Cause: SQLAlchemy's declarative base uses metadata as a reserved class attribute for table metadata. The ORM column must be named metadata_ to avoid the conflict.

Solution: The domain models use AliasChoices to accept both names:

metadata: dict = Field(
    default_factory=dict,
    validation_alias=AliasChoices("metadata_", "metadata")
)

With from_attributes=True and populate_by_name=True on VerityModel, Pydantic reads metadata_ from the ORM object and exposes it as metadata in the API.


ClickHouse Nullable(LowCardinality()) Ordering

Symptom: ClickHouse error when ordering or grouping by a Nullable(LowCardinality(String)) column:

DB::Exception: Argument at index 1 for function less must not be Nullable

Cause: ClickHouse does not support direct comparison/ordering on Nullable(LowCardinality(...)) columns in some contexts.

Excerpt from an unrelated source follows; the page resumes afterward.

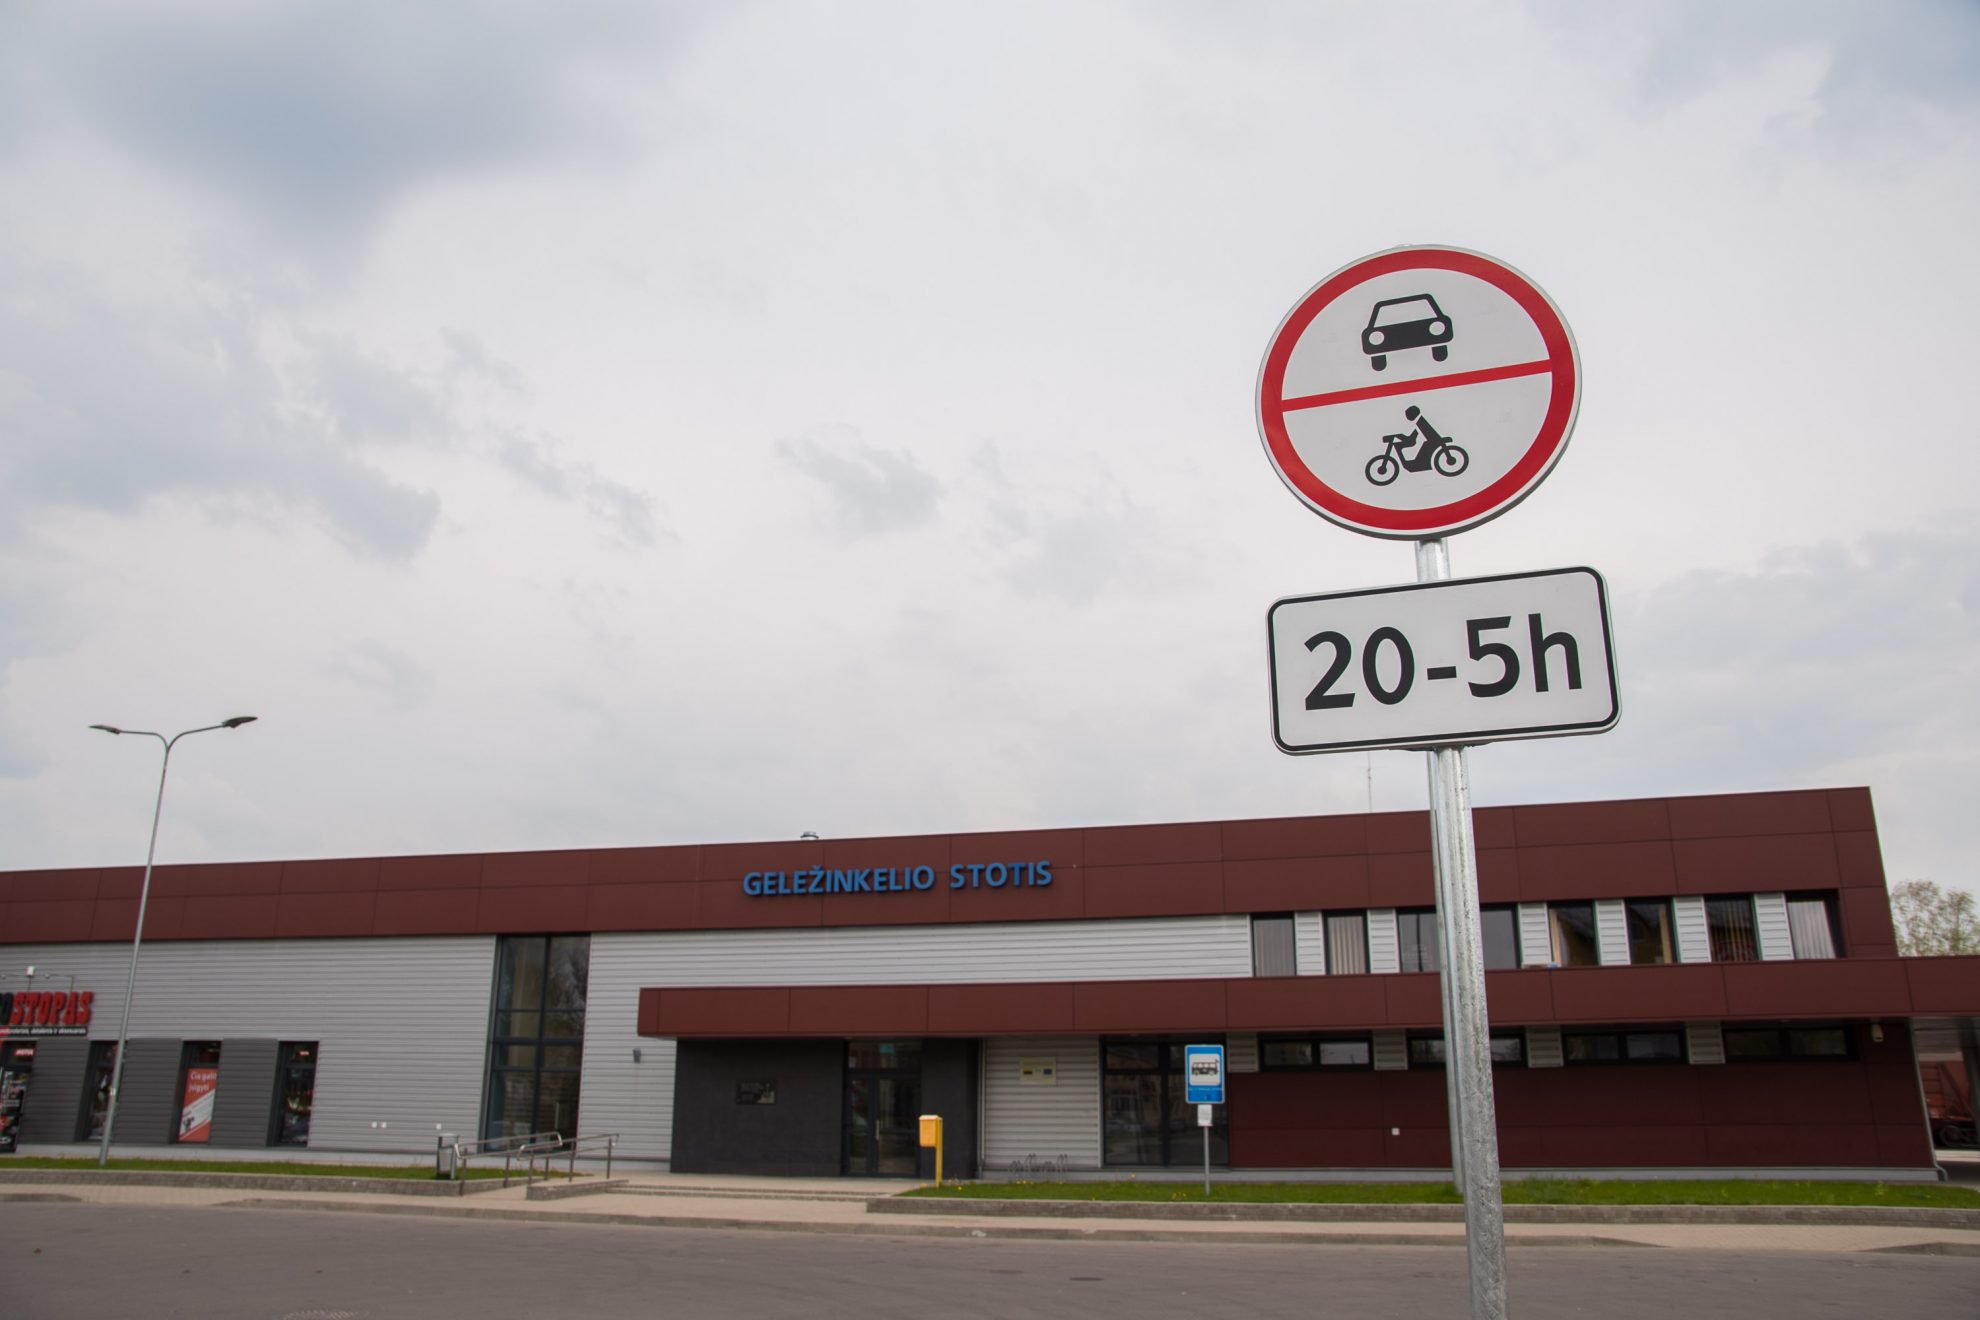 Eismas transporto priemonėms nuo 20 iki 5 val. apribotas S. Kerbedžio gatvėje, šalia traukinių stoties esančioje automobilių aikštelėje.

Solution: Use assumeNotNull() or coalesce() in your queries:

-- Option 1: assumeNotNull
SELECT * FROM audit_events
ORDER BY assumeNotNull(risk_level);

-- Option 2: coalesce with a default
SELECT * FROM audit_events
ORDER BY coalesce(risk_level, 'UNKNOWN');

When creating new ClickHouse tables, prefer LowCardinality(String) without Nullable where possible, using an empty string as the default.


Temporal DB=postgres12 (Not postgresql)

Symptom: Temporal fails to start with database connection errors:

unable to connect to database: invalid dsn

Cause: The Temporal auto-setup image requires DB=postgres12 as the database type environment variable, not DB=postgresql or DB=postgres.

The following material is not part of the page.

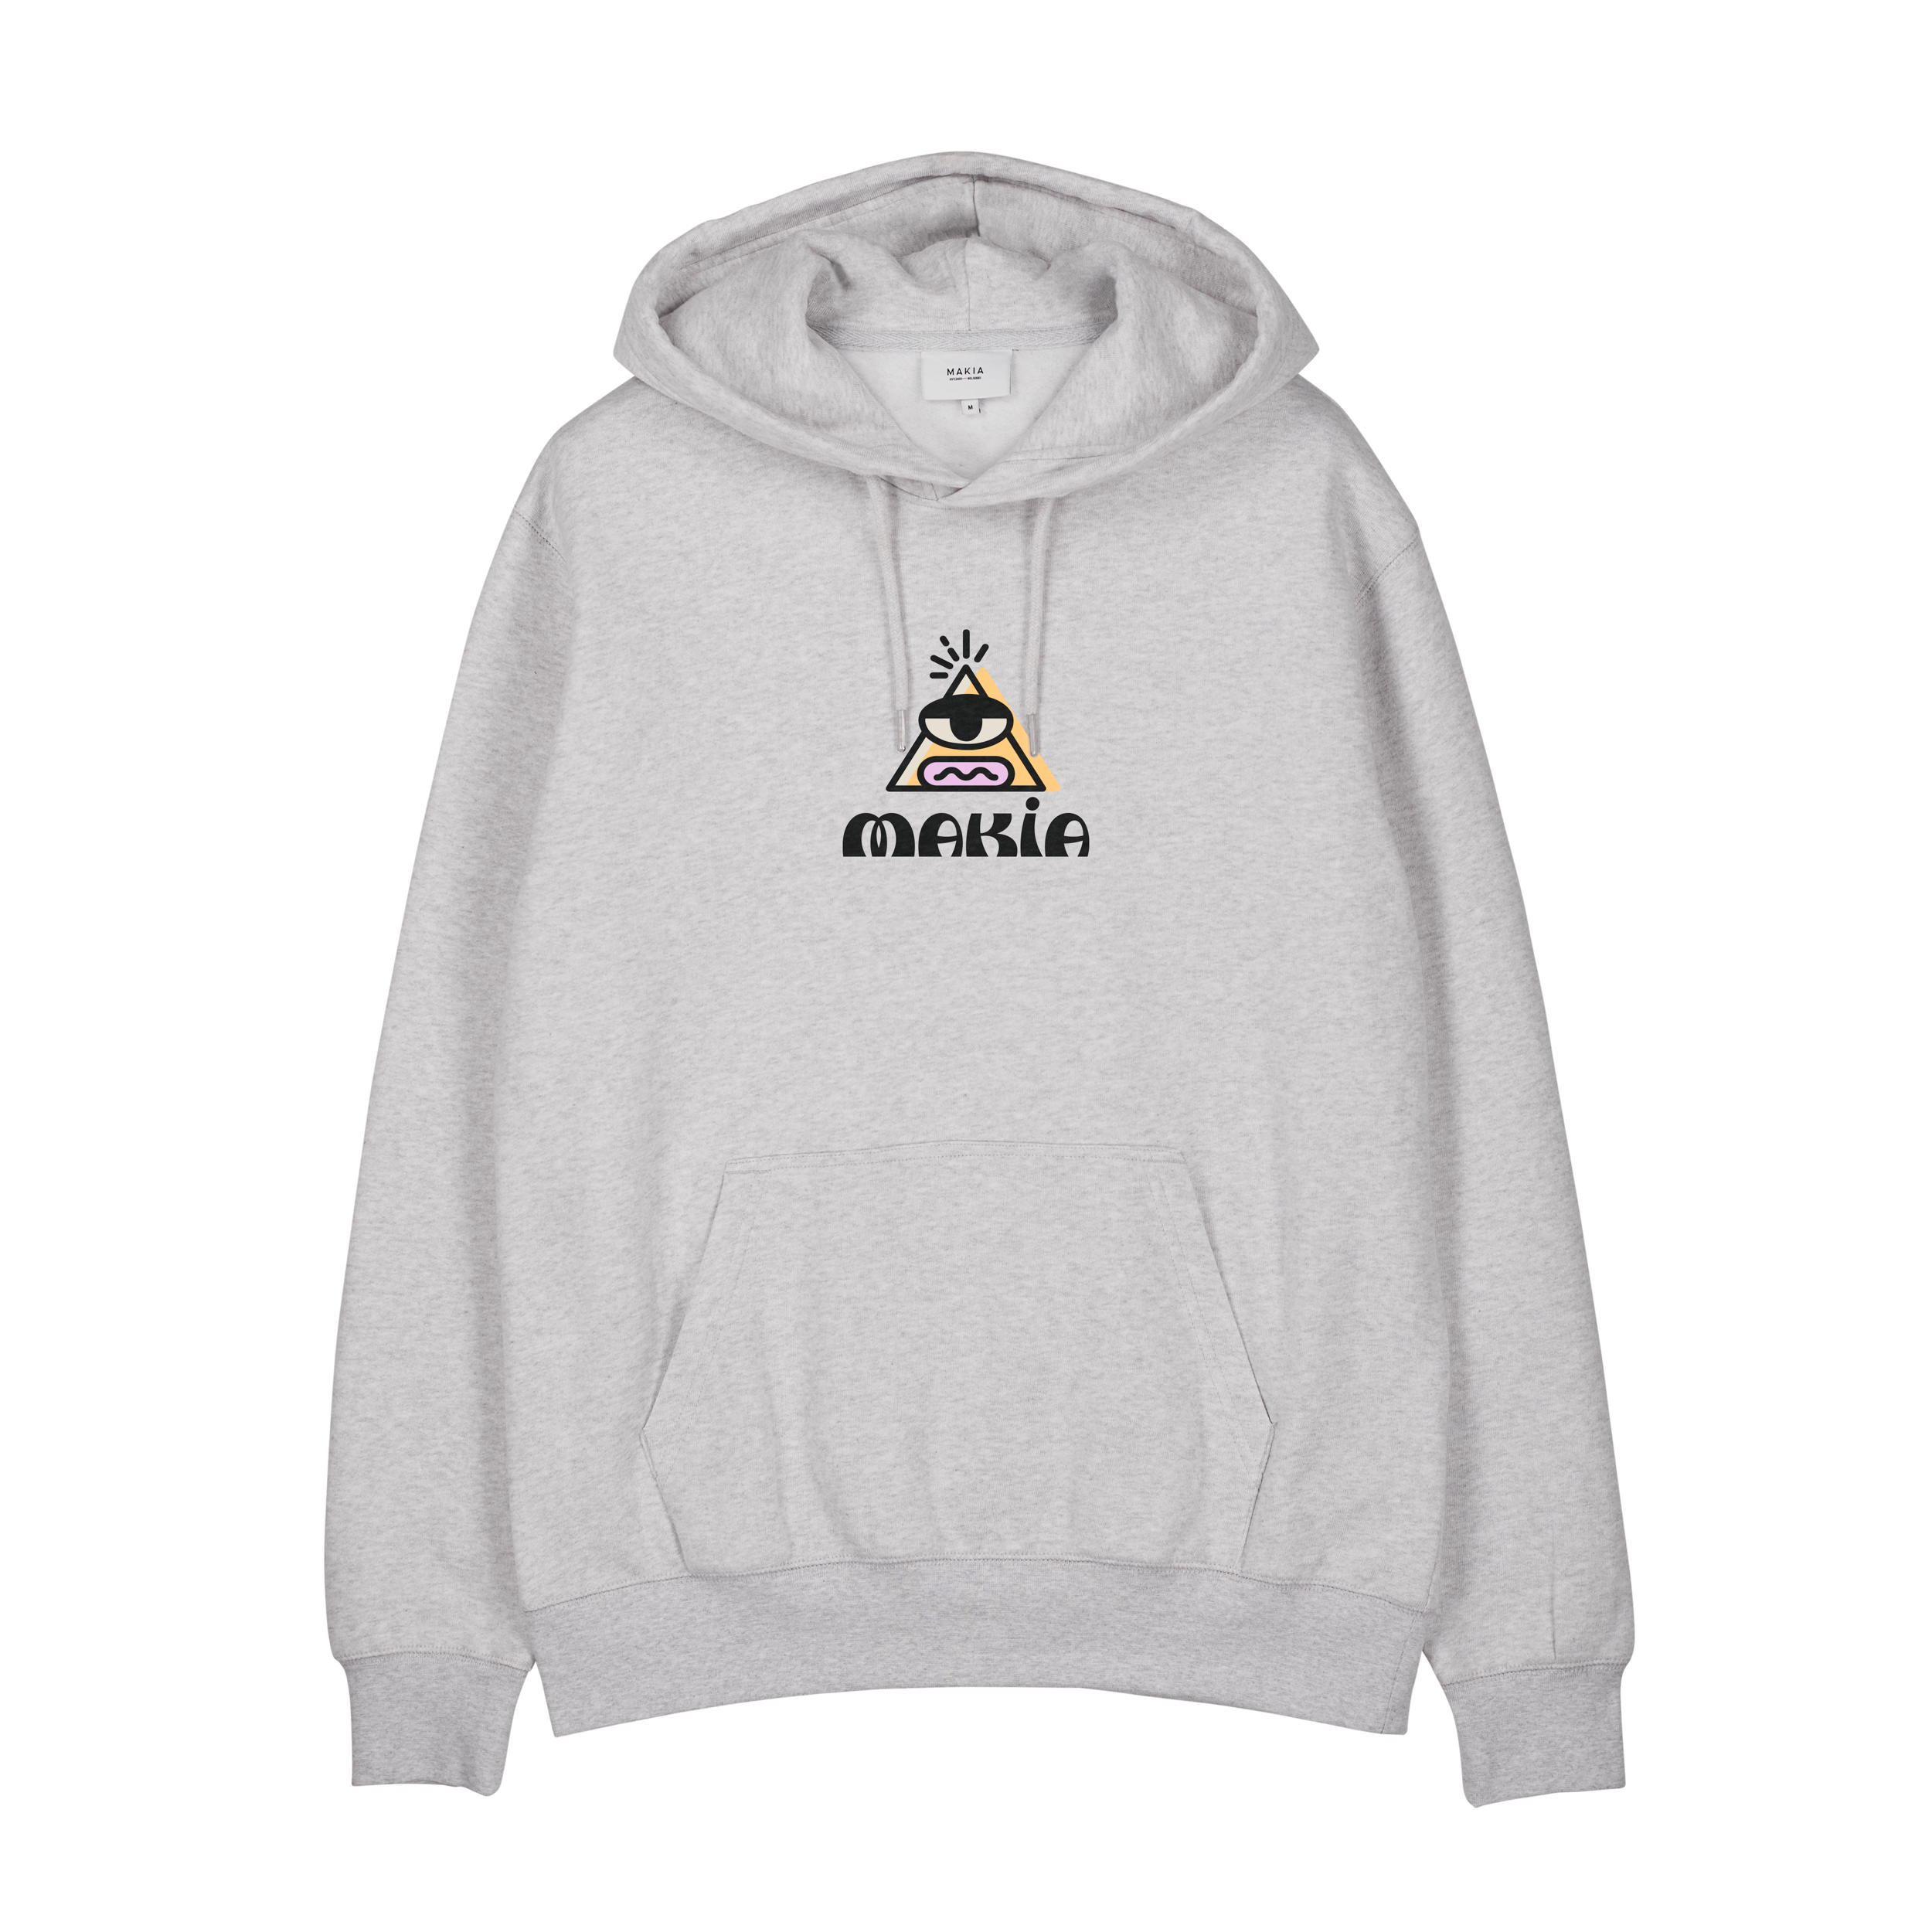 Illuminati Hooded Sweatshirt

Solution: Ensure the docker-compose or Helm configuration uses:

environment:
  DB: postgres12          # NOT "postgresql" or "postgres"
  DB_PORT: "5432"
  POSTGRES_USER: verity
  POSTGRES_PWD: verity_dev
  POSTGRES_SEEDS: postgres

Python Dashed Module Names in Containers

Symptom: ModuleNotFoundError when importing a service in a Docker container:

ModuleNotFoundError: No module named 'api-gateway'

Cause: Python does not allow hyphens in module/package names. Directory names like api-gateway/ cannot be imported directly.

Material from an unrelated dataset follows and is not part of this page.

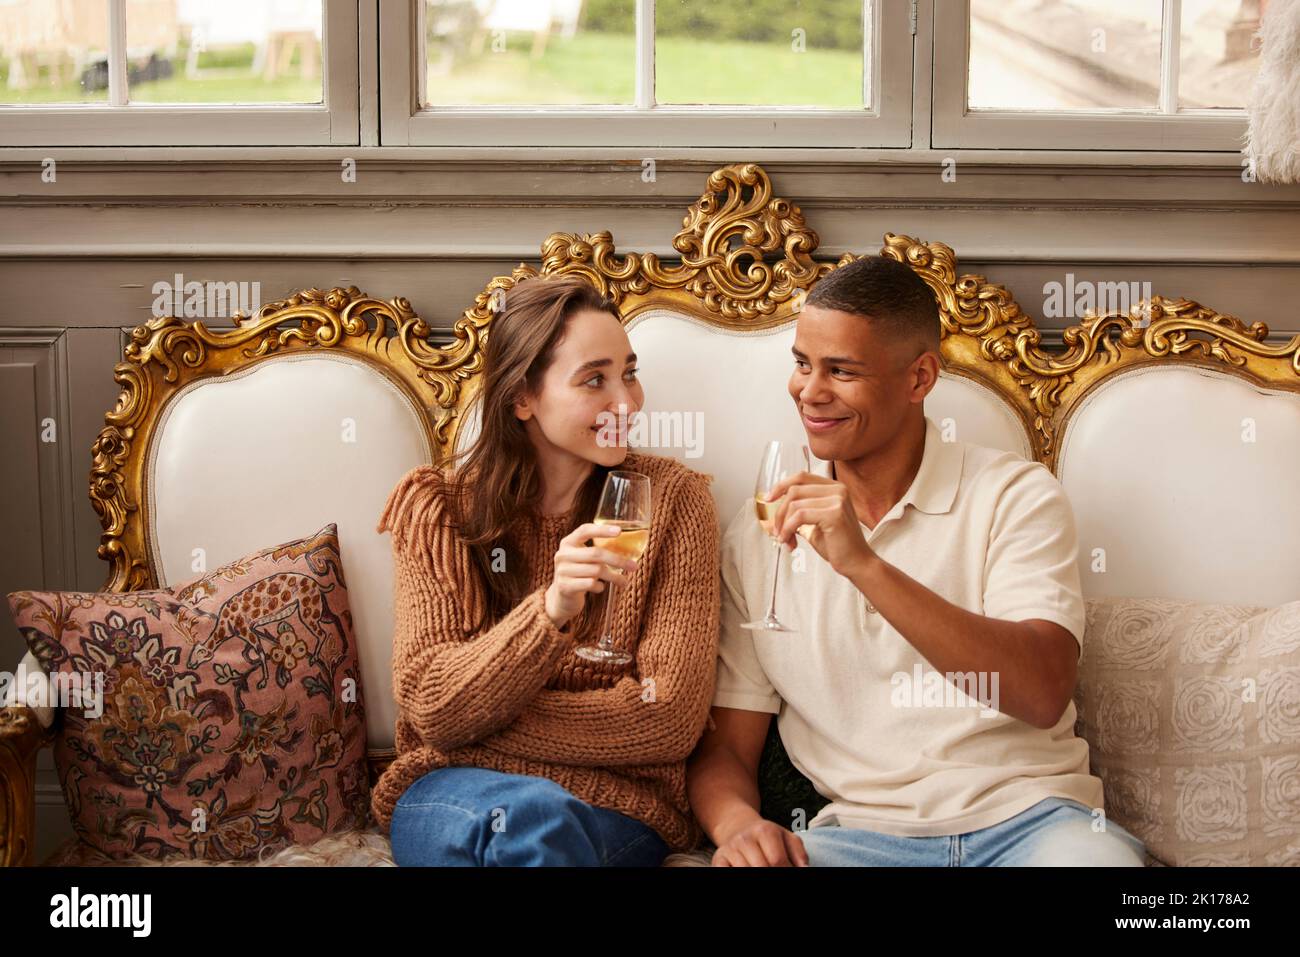 Couple celebrating in luxury house Stock Photo

Solution: Verity services use underscored package names internally (e.g., api_gateway/) while the directory and Docker image names use hyphens. Ensure your Dockerfile WORKDIR and CMD reference the correct Python module path:

# Correct
CMD ["python", "-m", "api_gateway.main"]

# Wrong
CMD ["python", "-m", "api-gateway.main"]

structlog add_logger_name Crash with PrintLoggerFactory

Symptom: Application crashes on startup with:

AttributeError: 'PrintLogger' object has no attribute 'name'

Cause: The structlog.stdlib.add_logger_name processor expects a stdlib Logger object with a name attribute. When using structlog.PrintLoggerFactory (which creates PrintLogger instances), this processor fails because PrintLogger has no name attribute.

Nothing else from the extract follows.